Desired and expected by millions of viewers around the world, The House of the Dragon, the prequel to Game of Thrones, carried great expectations: to live up to its predecessor in terms of criticism from specialists and, also, interest generated in the public. With only one episode broadcast, the series based on the story created by George R. R. Martin managed to more than fulfill both items.
As reported by HBO on Monday, the series – which premiered on Sunday – “broke records” and became the most successful debut in the company’s history. In the United States alone, the first chapter was seen by almost 10 million viewers through the HBO cable channel and the HBO Max platform.
In addition, it was the series that generated the highest audience for any premium cable channel or streaming platform so far this year, surpassing the number of views of the first chapter of the fourth season of the Netflix tank, Stranger Things, according to information. of Samba TV, a company specializing in television information and technology.
The series was also in demand 23 times higher than the average among US consumers the day before it was released, according to Parrot Analytics, a content analytics company.
The House of the Dragon premiered three years after Game of Thrones ended, but its debut also served as a way for many viewers to give its predecessor a chance, which had its best week on HBO Max in the seven days before the last Sunday .
The series, set almost 200 years before the beginning of Game of Thrones, was well received by critics, although in some cases, the trap of comparing a first chapter with the eight seasons of the original ended up playing against it.

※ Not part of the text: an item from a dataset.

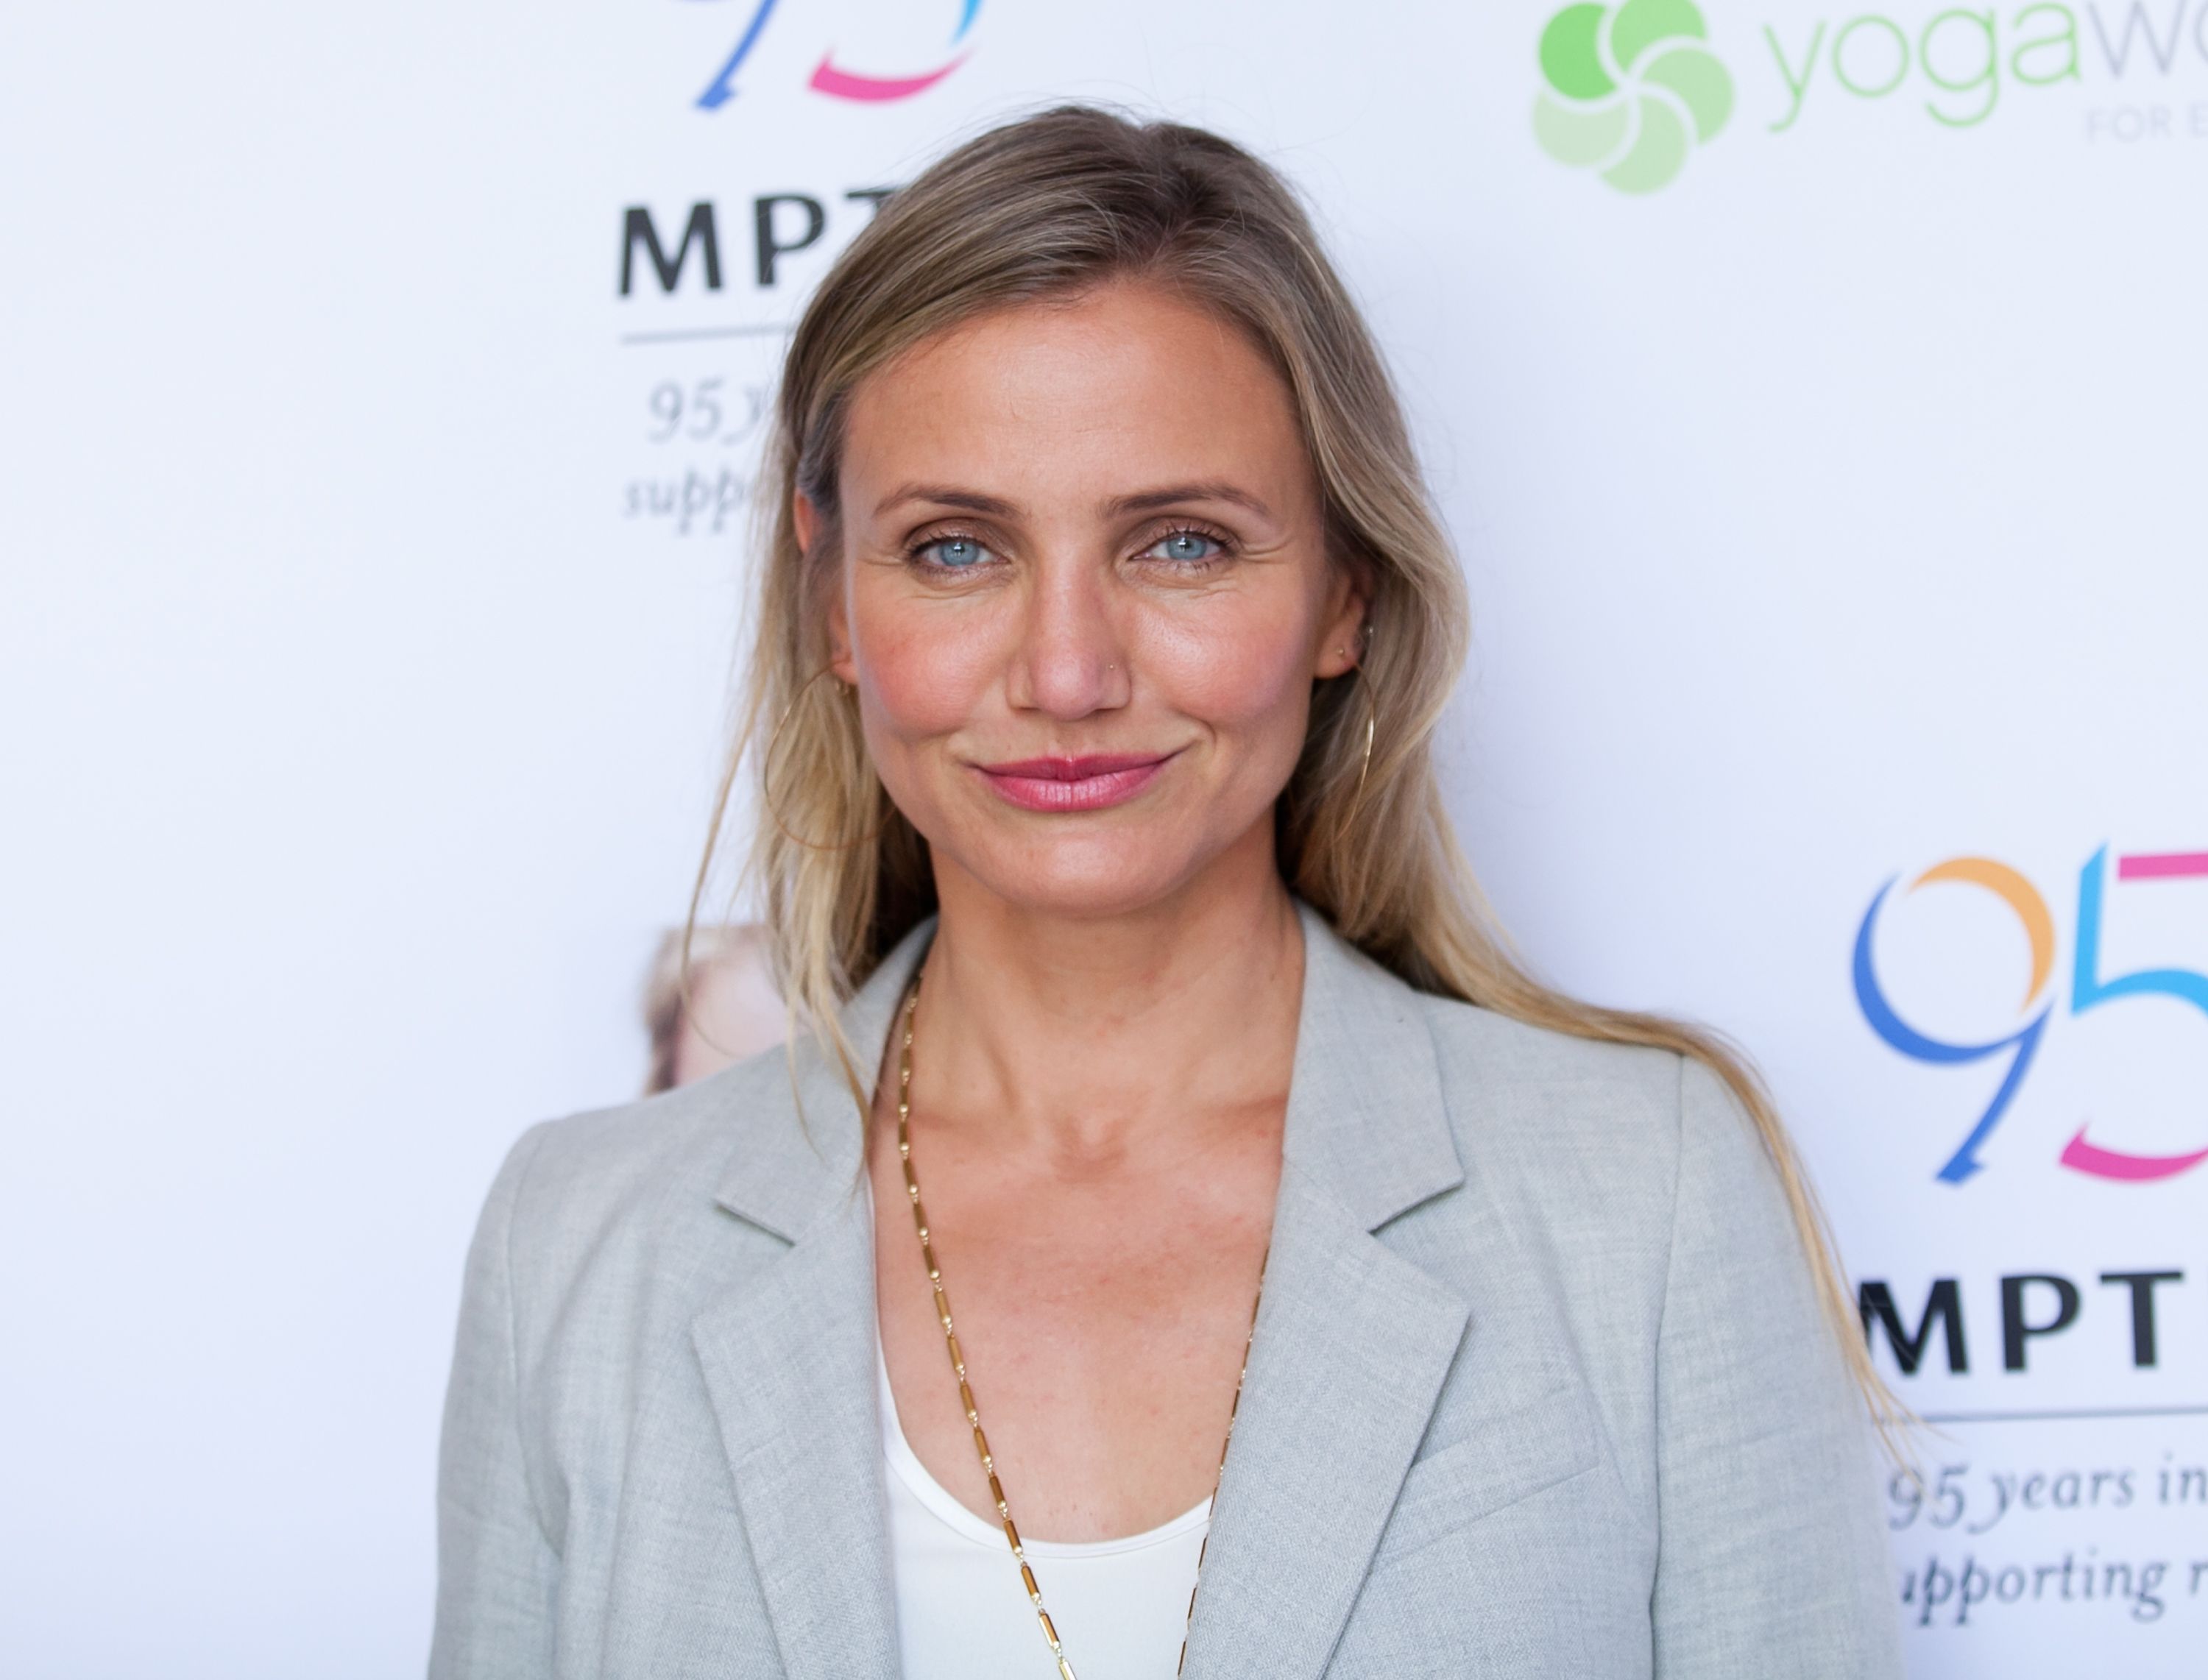 Cameron Diaz, 49, Opens Up About Aging I Want to Live to Be 110

Some columnists for the British newspaper The Guardian pointed out that it will be “a great success”, and even predict that it will become “as big as its predecessor in its heyday”. Others were more lukewarm. The English newspaper The Telegraph said it falls “a little short”, while the US media The Wrap indicated that it “pales in comparison”.
The Los Angeles Times, meanwhile, noted that “House of the Dragon recaptures the power, the grandeur of the original (series)” and that it “immediately thrusts viewers into the familiar sights and sounds of the Game of Thrones universe.”
Lucy Mangan, television critic at The Guardian newspaper, indicated that “everything is like in the heyday of GOT. Fun, looks great and sounds acceptable.” In its five-star review, The Times described the new series as “visually sumptuous, well-acted (for the most part), sharply written and intelligent in tone.” It will be “accessible to anyone who hasn’t seen a second Game of Thrones, but reassuringly familiar to those who have seen it all,” according to critic Ben Dowell.
Based on the book Fire and Blood by Martin, the story takes place in the glory period of the Targaryen house. The season centers on the regency of King Viserys (Paddy Considine), a seemingly benevolent monarch with a problem: He only has one daughter, Princess Rhaenyra (Milly Alcock as a teenager; Emma D’Arcy as an adult) to succeed him. With the queen pregnant and everyone convinced that the heir to the throne will finally arrive, Prince Daemon (Matt Smith), impulsive and violent brother of the king with aspirations to succeed him, begins to worry.
Sitting on the Iron Throne while the council discusses his latest daring as head of the king’s guard, from his first on-screen appearance Daemon presents himself as the catalyst for all the tragedy to come, the war between brothers that will eventually bring him to his knees. to the powerful Targaryens, famous for their dragons, their platinum hair and their tendency to incest.